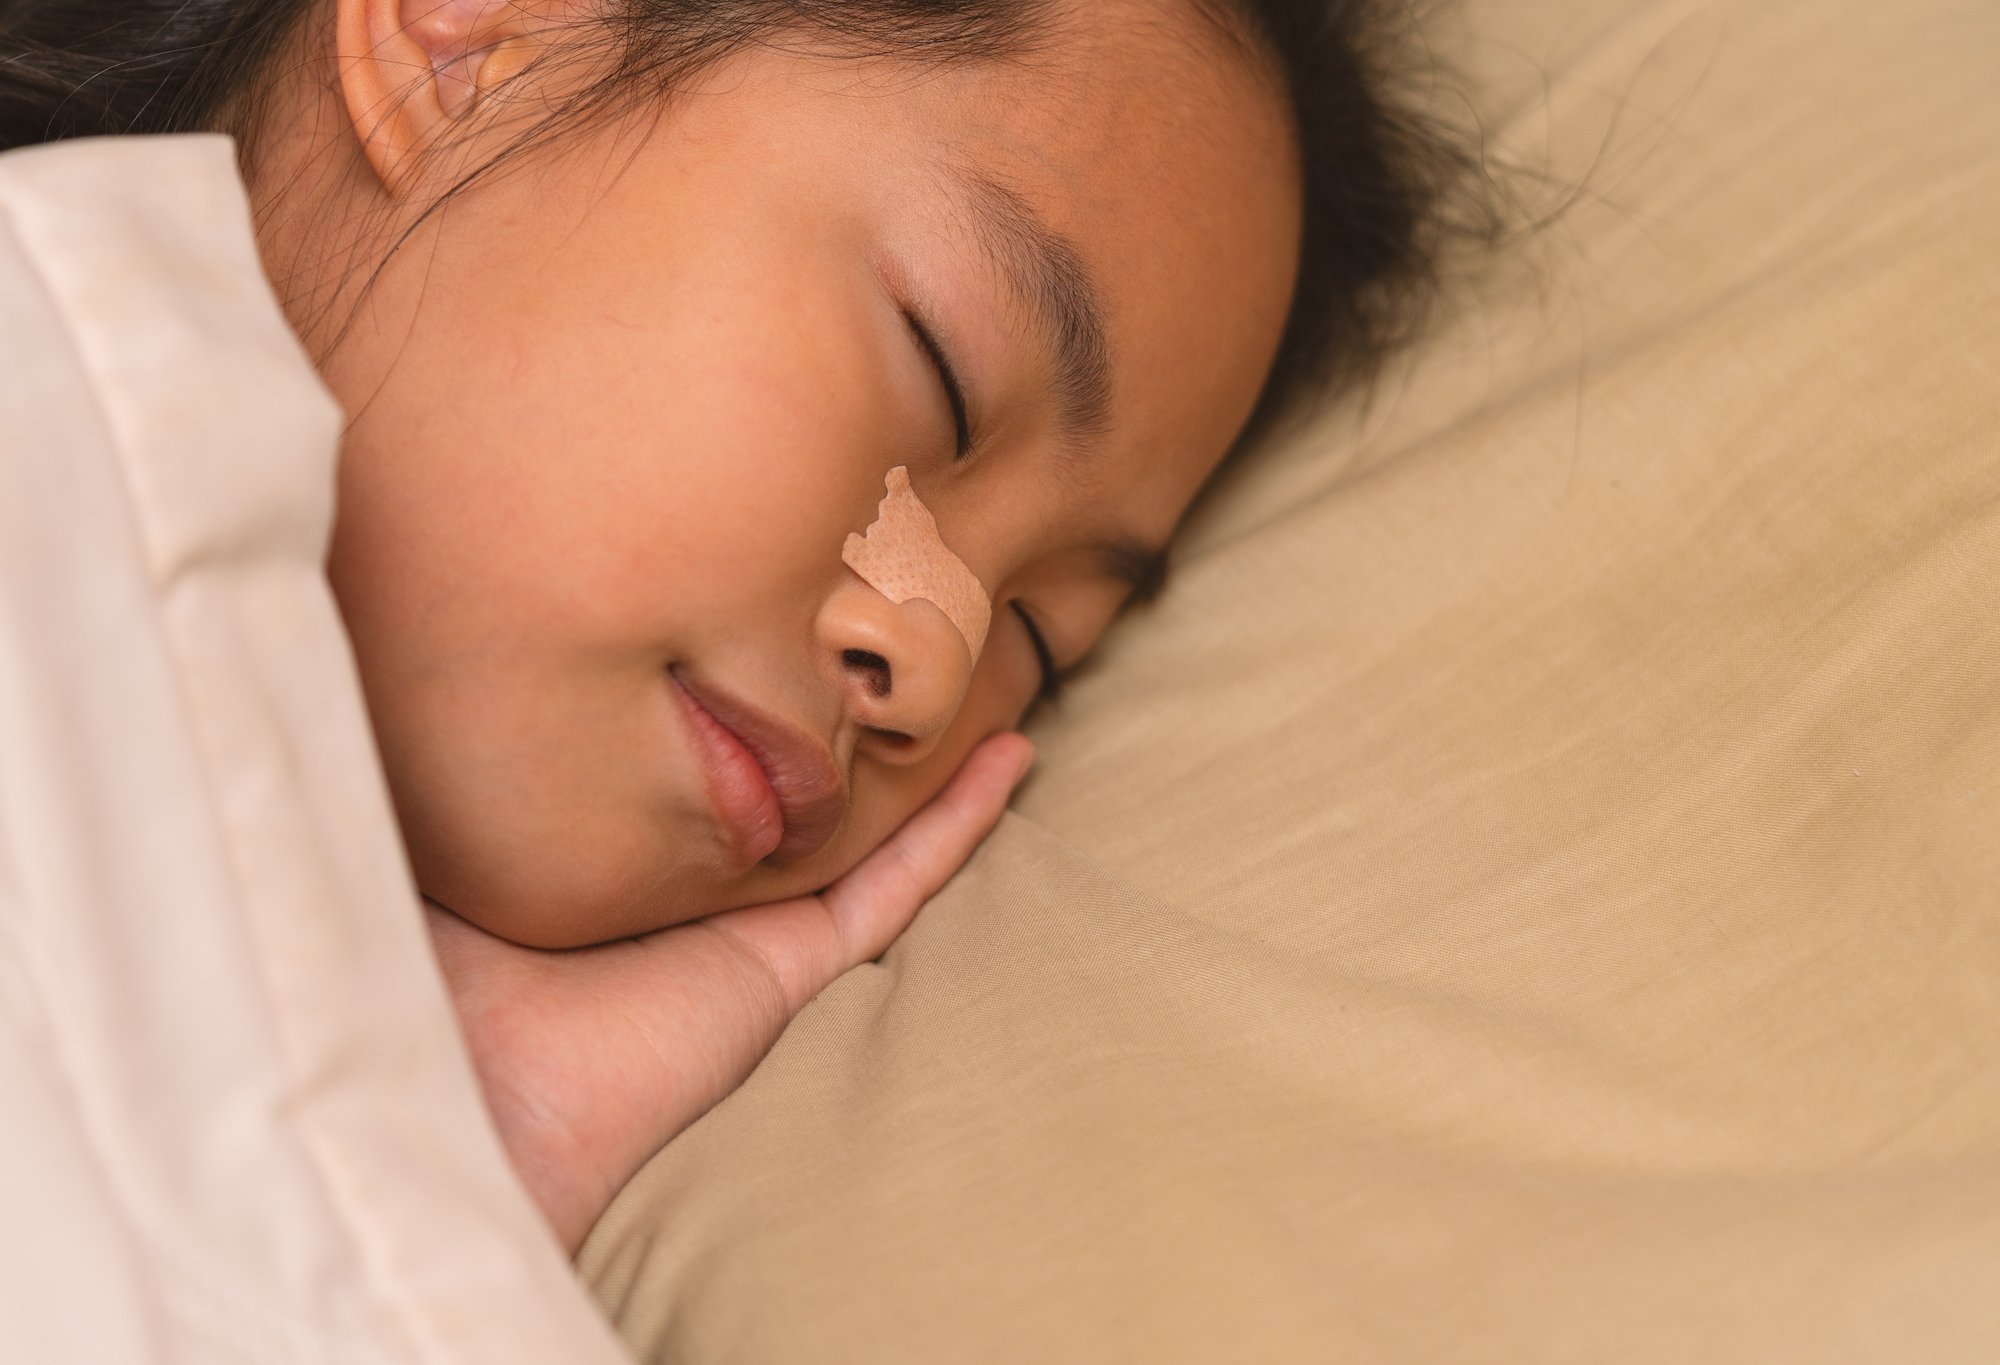 Mouth Tape Tapessnoringanti Children Kids Strips Sleeping Apnea
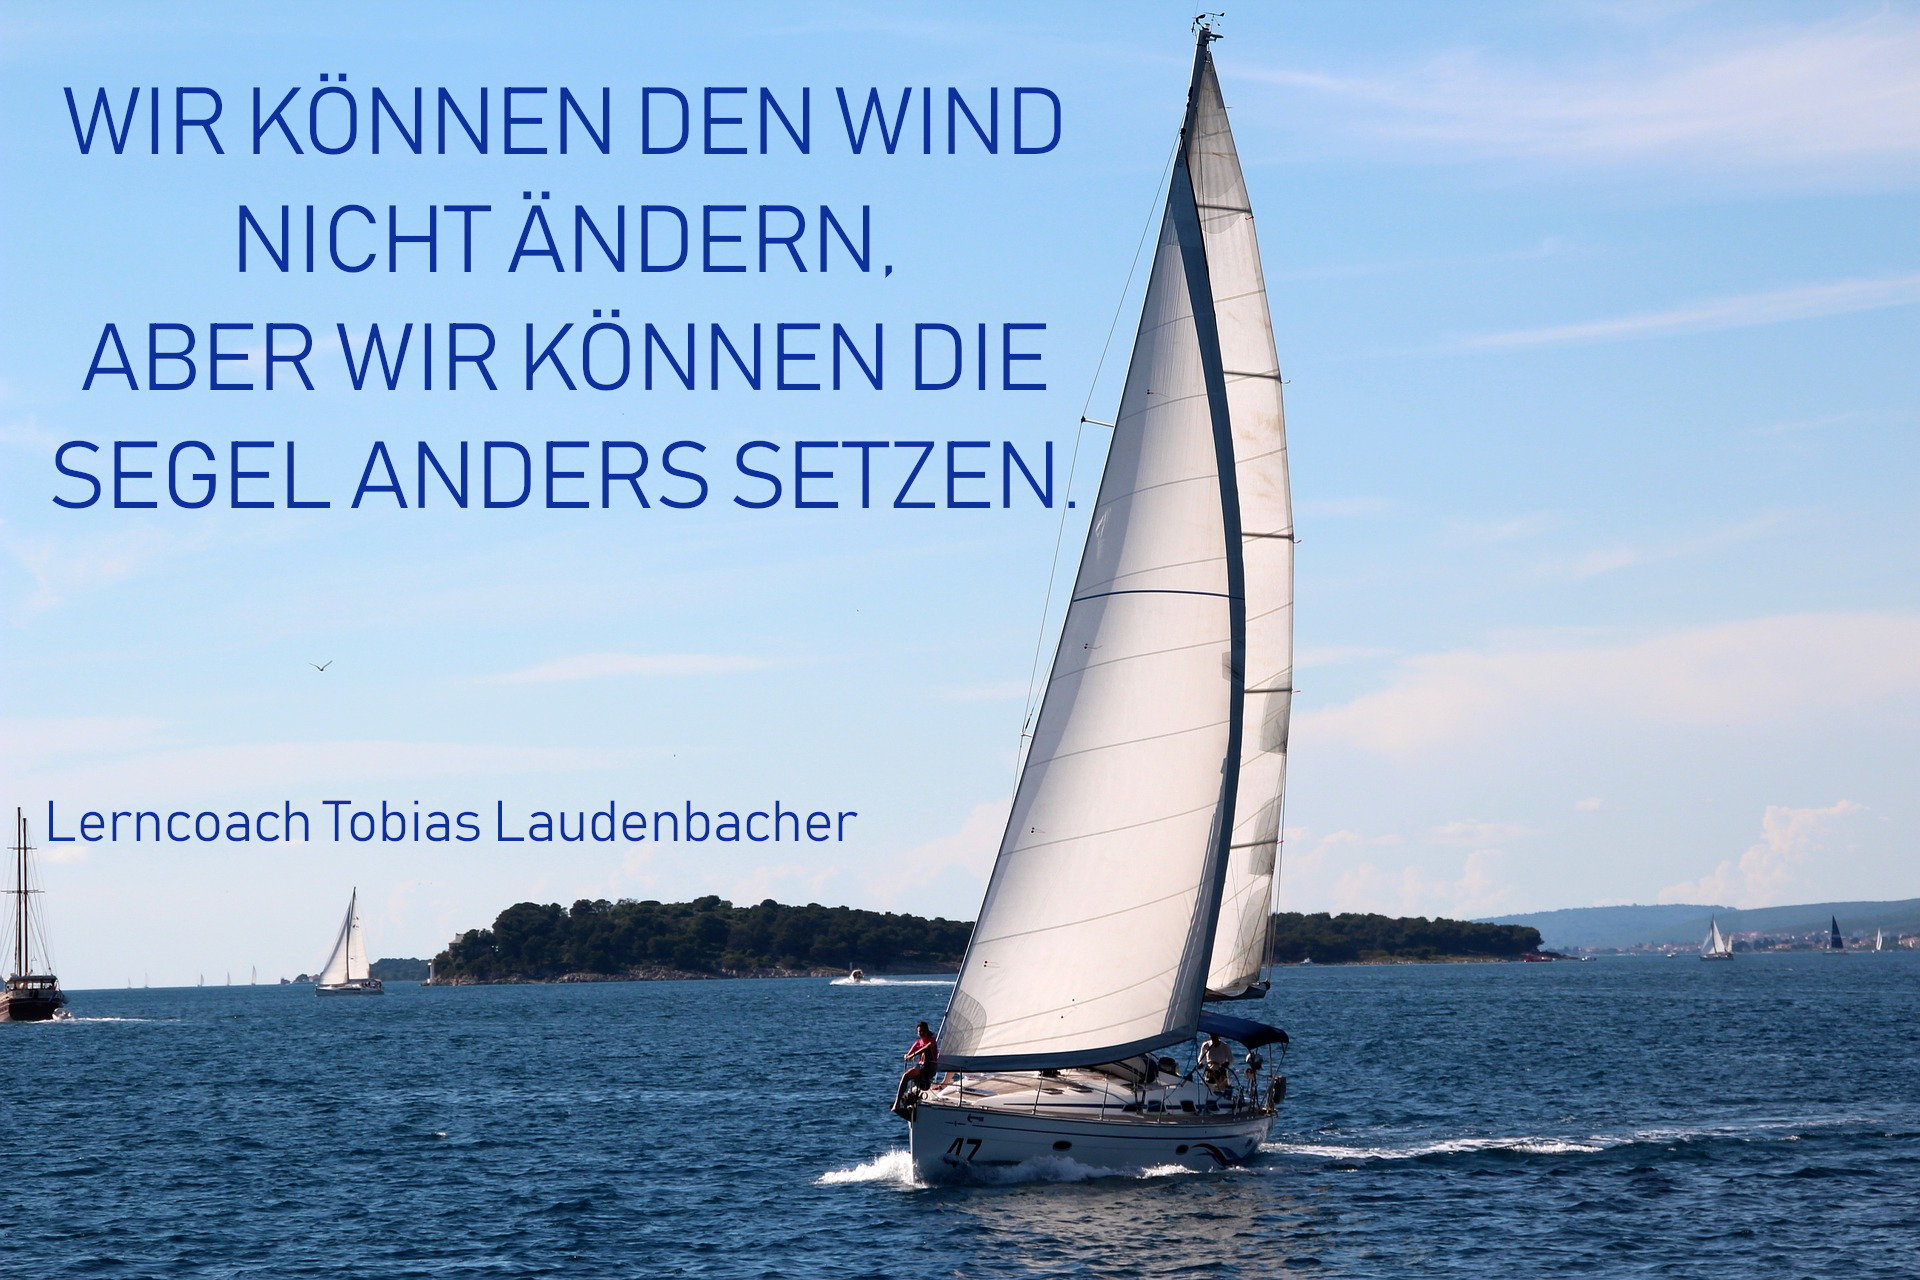 04_Quote_Wir_können_den_Wind_nicht_aendern
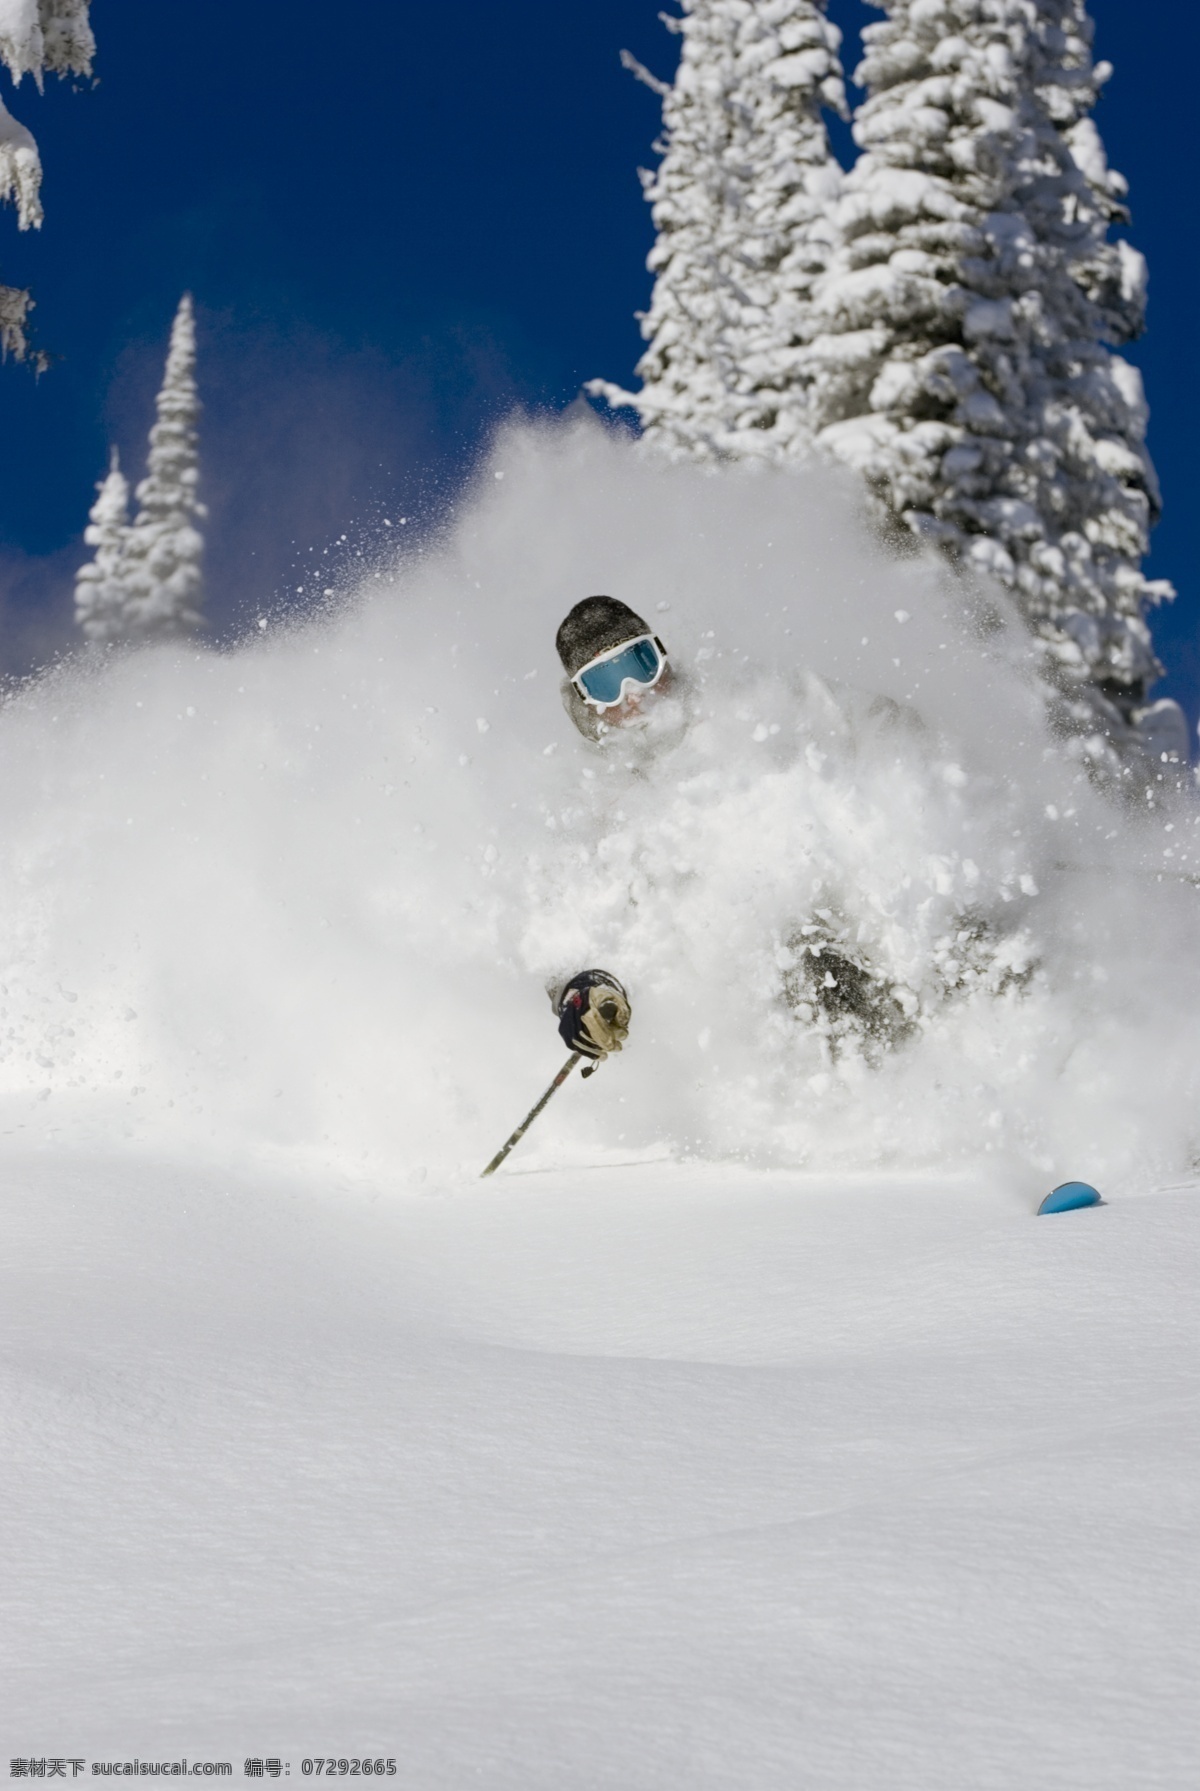 滑雪 运动员 高清 冬天 雪地运动 划雪运动 极限运动 体育项目 下滑 速度 运动图片 生活百科 雪山 美丽 雪景 风景 摄影图片 高清图片 体育运动 灰色

## Task to carry out
A verbatim copy of the material, pictures excluded, is what must be produced.

## Response below
 Mouth Tape Tapessnoringanti Children Kids Strips Sleeping Apnea
 04_Quote_Wir_können_den_Wind_nicht_aendern
 滑雪 运动员 高清 冬天 雪地运动 划雪运动 极限运动 体育项目 下滑 速度 运动图片 生活百科 雪山 美丽 雪景 风景 摄影图片 高清图片 体育运动 灰色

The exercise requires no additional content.